Sinclair Spectrum, with a Z80 processor, a mighty 16K {later upgraded to 48K}, the “dead flesh” keyboard, no soundchip, and a huge 8 colours {15 if you count the BRIGHT mode}: tape drive, natch, although I remember some giveaway progammes which came with magazines on record. Yup, you dubbed the record onto tape, and then hoped like hell it would load. Ah, the days of 8 minute loading times followed by the dread message TAPE LOADING ERROR.
My first computer was a Tandy Rainbow Color Computer (aka the CoCo)
I used a Black and White TV as a monitor. I used a regular tape recorder as a tape back up.
Atari 130. No hard drive, game cartridges that didn’t work. At least it was cheap. After that, Packard Bell 33 Mhz (I debated for weeks over whether I should get 25 Mhz or go all out for the 33), 4 MB and about 120 HD. In 98, I got my first laptop, and I’m still using it.
I had a Leading Edge Model ‘D’ (an XT clone). Dual 5.25" floppies (I couldn’t afford the $500 10Mb harddrive upgrade!).
I paid the same amount for it (about $1500) in 1988 as I did for my computer (Dell 8300 w/120Gb HD) last year.
1998: Sony VAIO microtower. P2, 266. 6 gig HD, 32 MB RAM, Win95. $1500. My wife is still using it, with a replaced power supply, RAM upgrade and Windows 2000.
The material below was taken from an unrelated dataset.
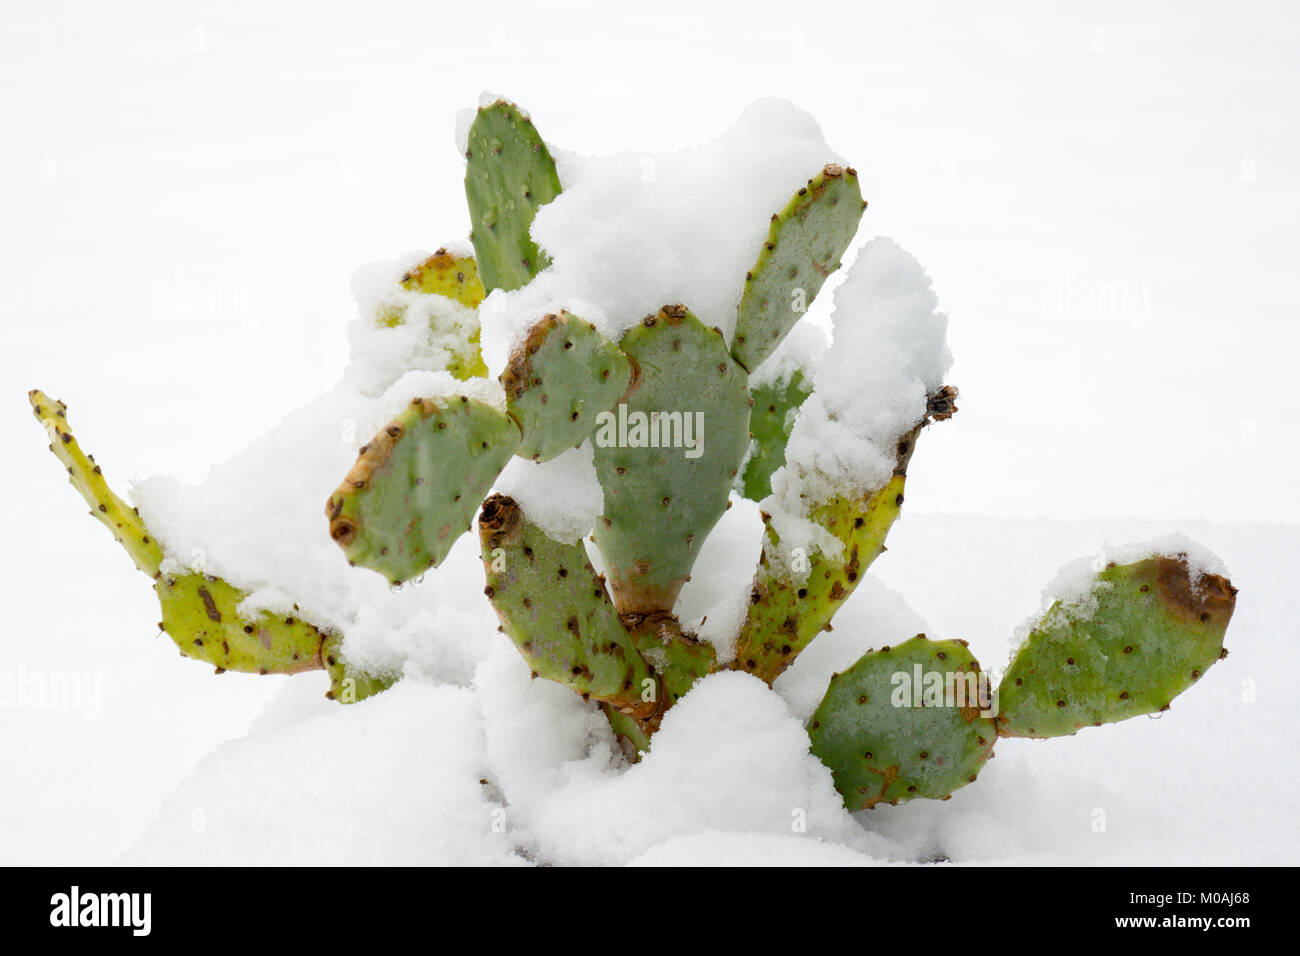 Malvern, Worcestershire, UK, Sunday 10th December 2017.  Overnight snow catches out this semi hardy Cactus that had been enjoying the warm autumn.  It Stock Photo

That game kicked ass! I bought a CoCo 3 a couple of years ago so I could run an emulator to play that game
My first computer was not the CoCo, but the MC-10. It came out at the same time as the Timex Sinclair, had 4K memory with a 16K expansion pack, I also got the tape deck for it. It’s one great advantage over the Timex was the chicklet keyboard. I did a lot of BASIC programming on that little sucker.